国际顶级科技评论期刊《麻省理工科技评论》报道亦来云

国际顶级科技评论期刊《麻省理工科技评论》报道亦来云

亦来云

区块链驱动的智能万维网

国际顶级科技评论期刊《麻省理工科技评论》报道亦来云

MIT Technology Review为全球知名国际评论期刊。《麻省理工科技评论》源自麻省理工学院,是拥有118年历史的全球著名技术商业类期刊。

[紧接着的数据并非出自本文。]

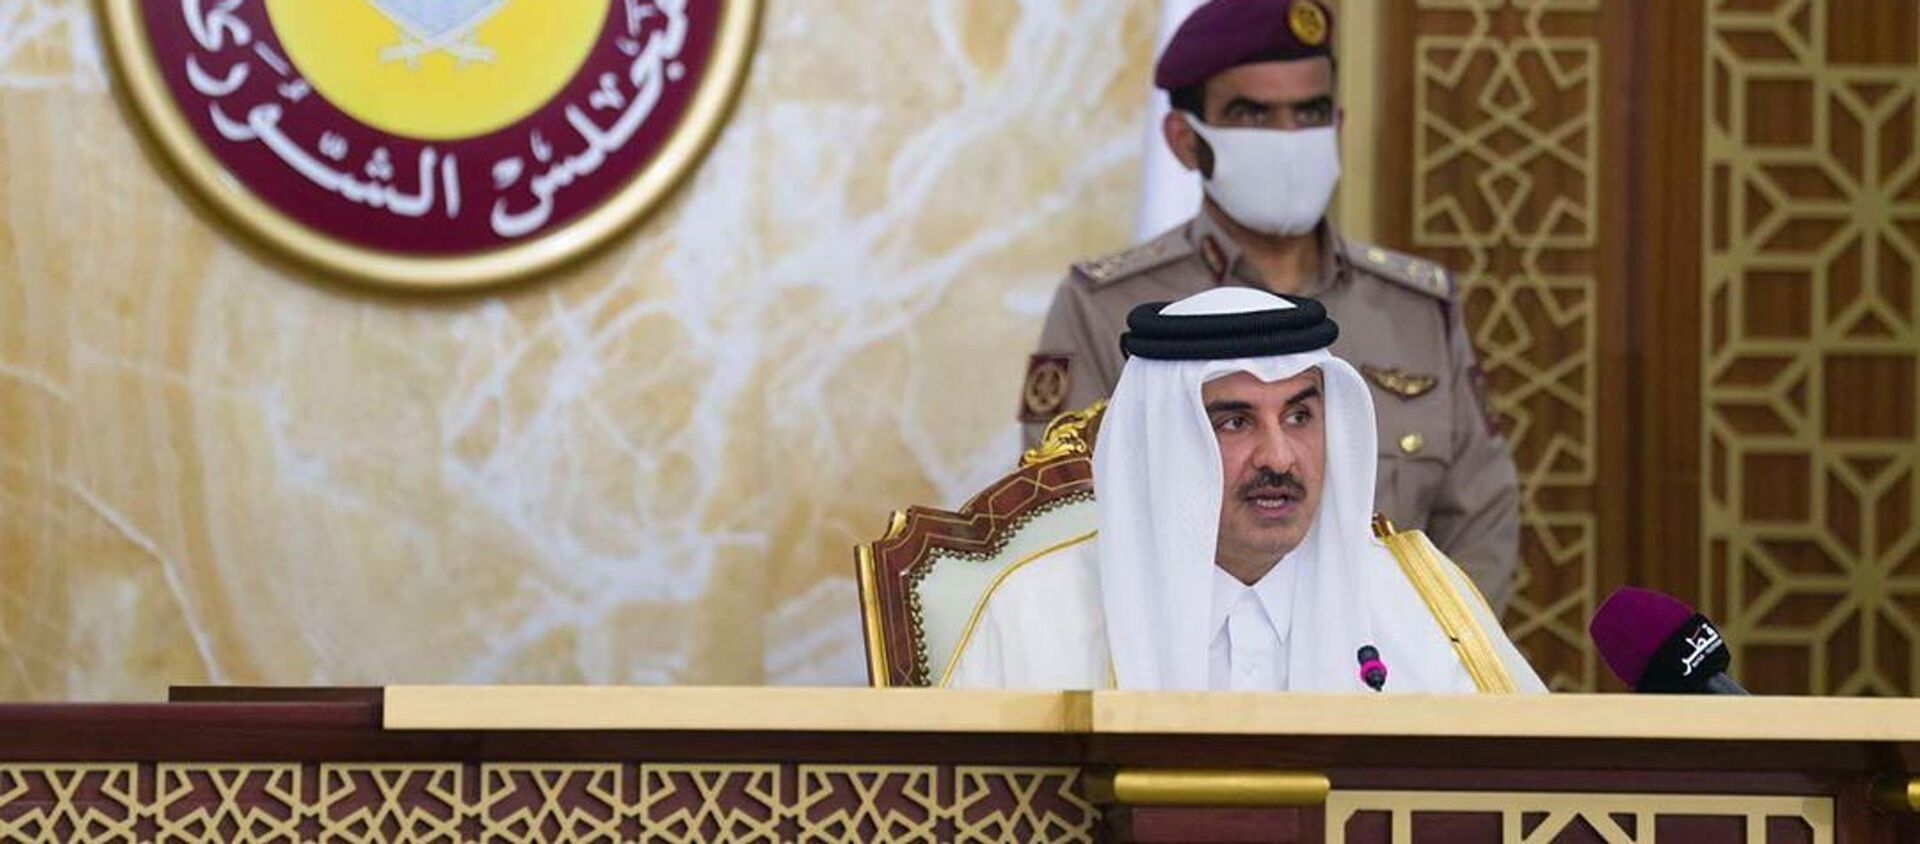 أمير قطر الشيخ تميم بن حمد آل ثاني يلقي كلمة أمام مجلس الشورى في الدوحة، قطر، 3 نوفمبر/ تشرين الثاني 2020 - سبوتنيك عربي, 1920, 11.08.2021

作为全球最为著名的技术榜单之一,《麻省理工科技评论》每年进行评选的全球十大突破性技术具备极大的全球影响力和权威性。

MIT科技评论期刊在”Can China Contain Bitcoin?”一文中报道亦来云、及亦来云联合创始人韩锋在清华大学教授区块链课程等内容。

国际顶级科技评论期刊《麻省理工科技评论》报道亦来云

附《麻省理工科技评论》报道全文。

小编贴心的先放中文翻译英文原版可以下翻查看:

中国能否容纳比特币?

(本篇是全球著名科技媒体MIT TECH REVIEW对韩锋等中国区块链社区代表人物所做专访)

比特币是能够在全球通行的分散式数字货币,它的普及速度超出了大家的预期。在2016年,全球大部分比特币交易使用的是人民币计价。

2017年9月份,中国全面禁止ICO,这是初创企业流行的使用代币或者数字货币进行募资的一种方式。然后,国内的数字货币交易所必须关闭。

在2008年金融危机爆发之际,由一个神秘的自称为中本聪的人把比特币带向全世界。从那以后,比特币的崛起——特别是在把比特币价格从低于一千美元推到一万美元的一堆投资者之中畅行。他们是否应该接受这种新型的货币?虽然它更容易让人们相对匿名地发送资金——同时是否也是对洗钱者等来说是更具吸引力的一个优势?他们应该全面禁止它吗,寄希望于通过货币政策进行监管?或者他们应该像日本政府那样,通过发行法律承认比特币的法定支付地位来拥抱迎接它?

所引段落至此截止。